Getting started

The Cell compiler can be downloaded here. After you unzip the file, you'll see five directories: bin, stdlib, examples, src and sublime-text. The first one contains the Cell compilers/code generators (there's one for each target language), the second one the standard library (which at the moment consists of just one file, prelude.cell), and the third one a few ready-to-build examples to get you started. To create your own project, just pick the one of them and start making changes to it. You can find more information about them in examples/README.txt.

Each of the code generators produces, when the compilation process is successful, one or more source files in the target language. These files can then be fed directly to a compiler for the corresponding language if your Cell source code includes a Main(..) procedure, or otherwise included in an existing project.

There's no documentation for the standard library yet, you'll have to delve into the prelude.cell file, which is very small anyway.

The sublime-text directory contains syntax highlighting files for Sublime Text. Just copy them in the ~/.config/sublime-text-3/Packages/User directory on Linux, or its equivalent in other operating systems.

Debugging

There's no debugger for Cell, and debugging is done mainly by tracing the execution of a program with the help of the print statement. Another useful tool is the assert statement. When an assertion fails, the execution of the program is stopped and all the variables in scope are printed to the standard output or to a file, if they are too large. If the program is running in debug mode (more on that in a second) the call stack is also printed, along with the value of all the arguments of all function calls on it. Call stack and values of function arguments are also printed every time the program crashes, for whatever reason (again, this happens only if the program is running in debug mode). Only a small part of this data is actually written to the standard output, with the rest of it being written to a set of files. All the files created by a program crash are created inside the debug subdirectory of the working directory of the process. This subdirectory is not created automatically: you have to create it manually before running the code, otherwise no dump file will be produced.

Sometimes there's no choice but to debug the generated code. The code itself is all but incomprehensible, but the names of variables and functions are the same as in the Cell sources, with the addition of a short suffix that is needed to avoid name clashes. For example a two-argument non-polymorphic function named my_fn(..) in Cell will be named my_fn_F2(..) in the generated code, and a variable named my_var will become my_var_V. How to print the value of a variable containing/pointing to a Cell object is language-specific, and is described in the following sections.

C++

The output of the C++ code generator (cellc) is the generated.cpp source file. You'll need a compiler that supports C++11. If your project defines any automata, of either type, the compiler will also produce a second files, generated.h, which contains the declaration of the interface of the generated classes that you'll be dealing with from your own native C++ code.

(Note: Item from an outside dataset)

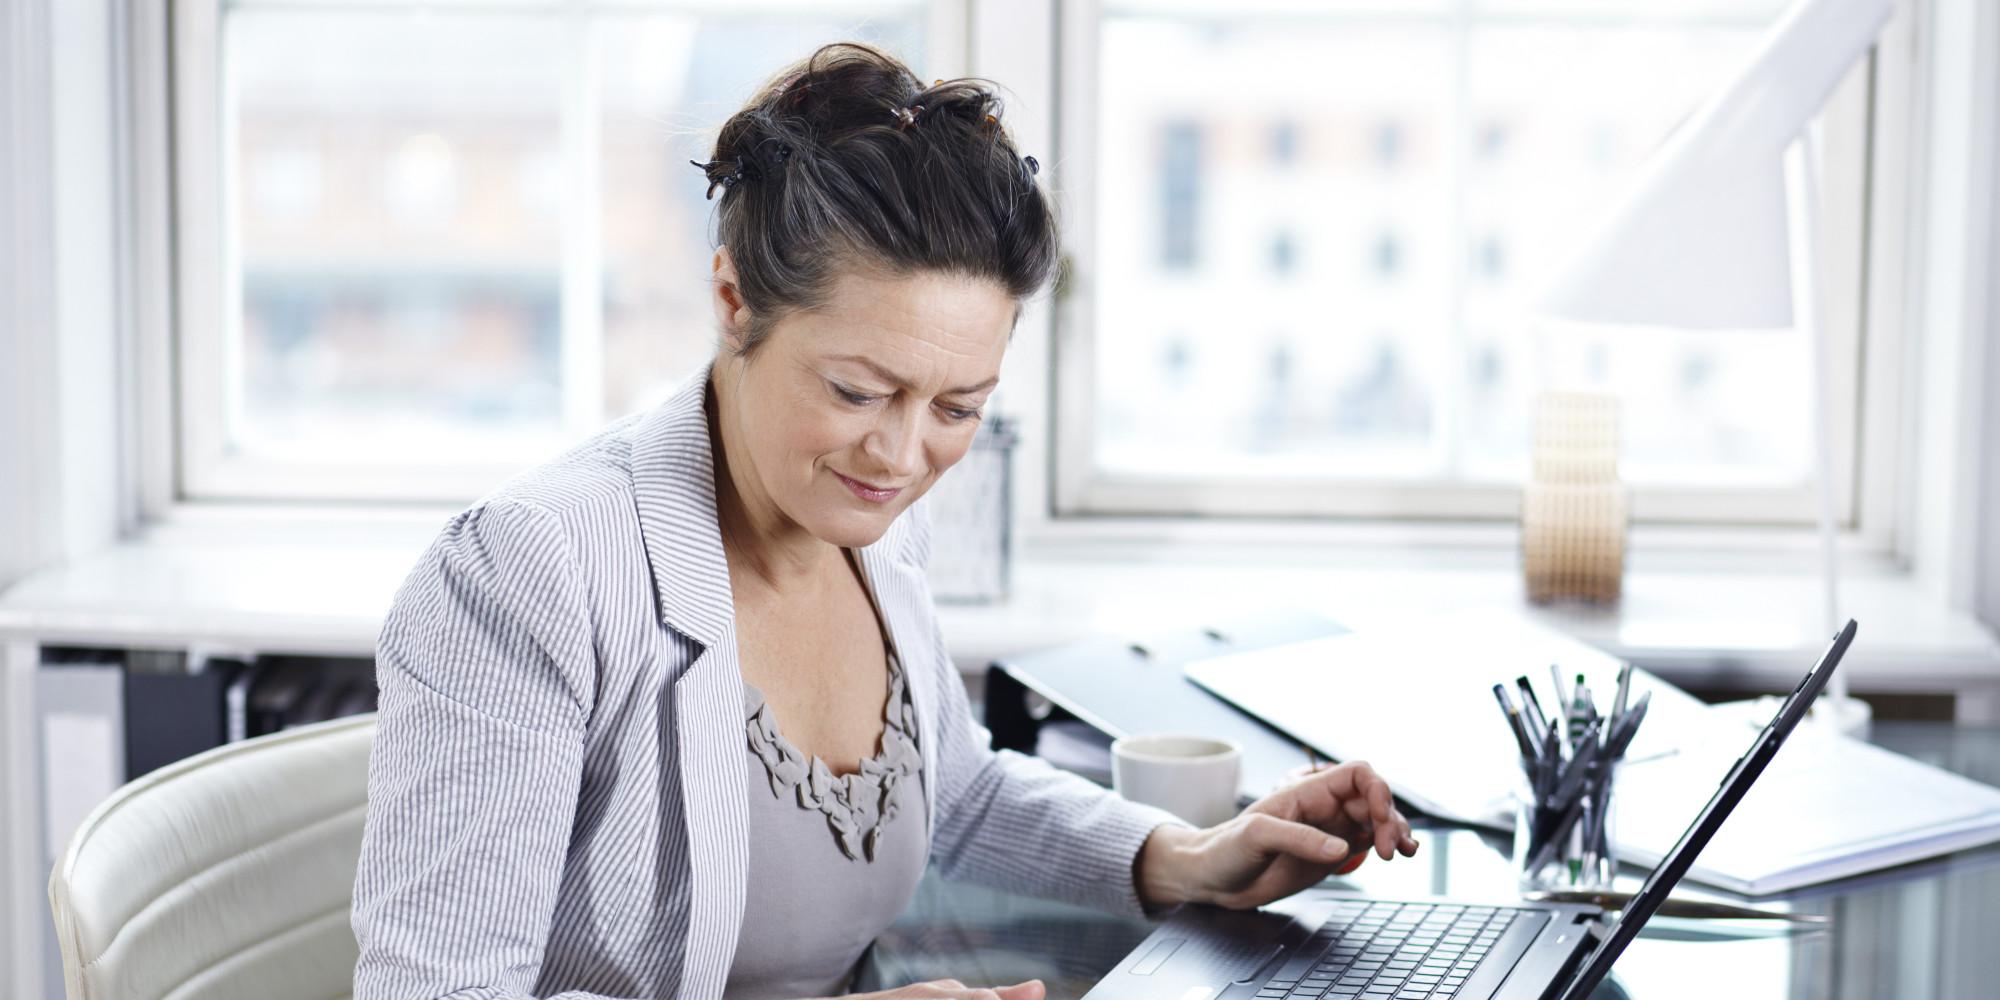 Mature woman using calculator

The C++ code generator is provided as a Linux binary, but if you're using another Unix-like platform like OS X/macOS you can try to compile it yourself using the source code in src. If you're using GCC you can build it by just typing g++ -O3 -DNDEBUG cellc.cpp -o cellc in src and then replacing the executable in bin with the one you built yourself.

The NDEBUG preprocessor symbol is used to choose between debug and release mode. It's the same symbol used by the C assert(..) macro. Defining it when compiling the generated C++ code will disable all the extra debugging code. With GCC, that can be done with the -DNDEBUG command line argument. The code compiled in debug mode is an order of magnitude slower, so make sure that symbol is defined when building your production binaries.

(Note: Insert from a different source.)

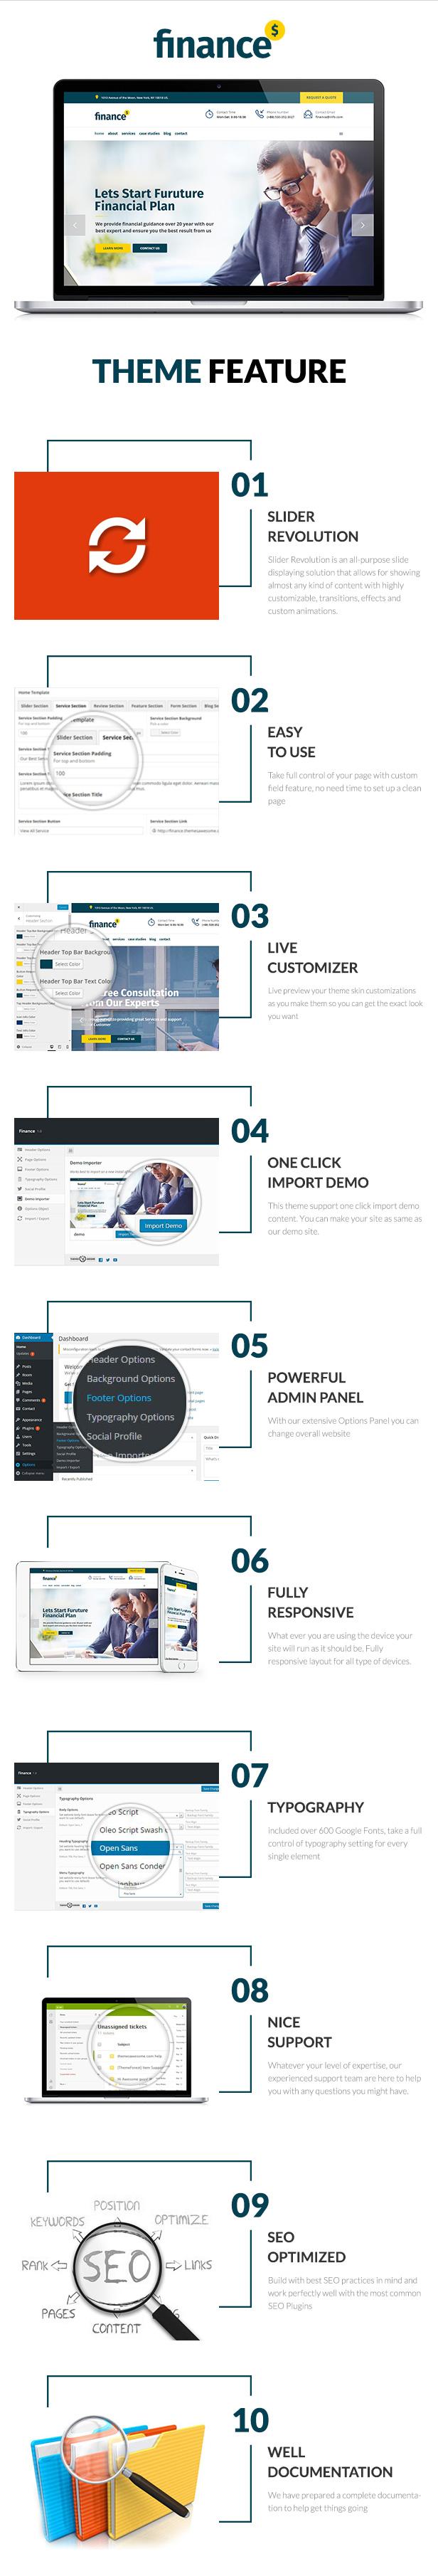 Finance - Business Accounting WordPress Theme - 4

To print the value of a Cell variable my_var (which, as explained before, will be named my_var_V in the generated code) in GDB you'll need to type call print(my_var_V) at the debugger prompt.

Java

The Java code generator is provided as a jar file, cellc-java.jar. To run it, just type java -jar cellc-java.jar <project file> <output directory>, assuming cellc-java.jar is in the current directory . The compiler will produce a Generated.java file containing the core logic, and a separate file for each of the public classes you'll be interacting with. Their interface is documented in pseudo-Java code in another generated file, interfaces.txt.

In order to compile your code in debug mode, and have it print a complete stack trace when an error occurs, you'll have to use the -d option of the compiler: java -jar cellc-java.jar -d project.txt. Execution times normally increase by less than 50% in debug mode.

If you want to inspect the content of a variable containing a Cell object when debugging the generated code, just print the output of its toString() method.

C#

The C# code generator (cellc-cs.exe) generates a single file named generated.cs. Here too interface of the generated classes you'll have to interact with is documented in pseudo-C# code in the generated text file interfaces.txt.

The C# code generator should work on any platform that support .NET, through either the Microsoft or Mono implementation.

In order to compile your code in debug mode, and have it print a complete stack trace when an error occurs, you'll have to use the -d option of the compiler: cellc-cs.exe -d project.txt. Execution times approximately double in debug mode.

If you want to inspect the content of a variable containing a Cell object when debugging the generated code, just print the output of its ToString() method.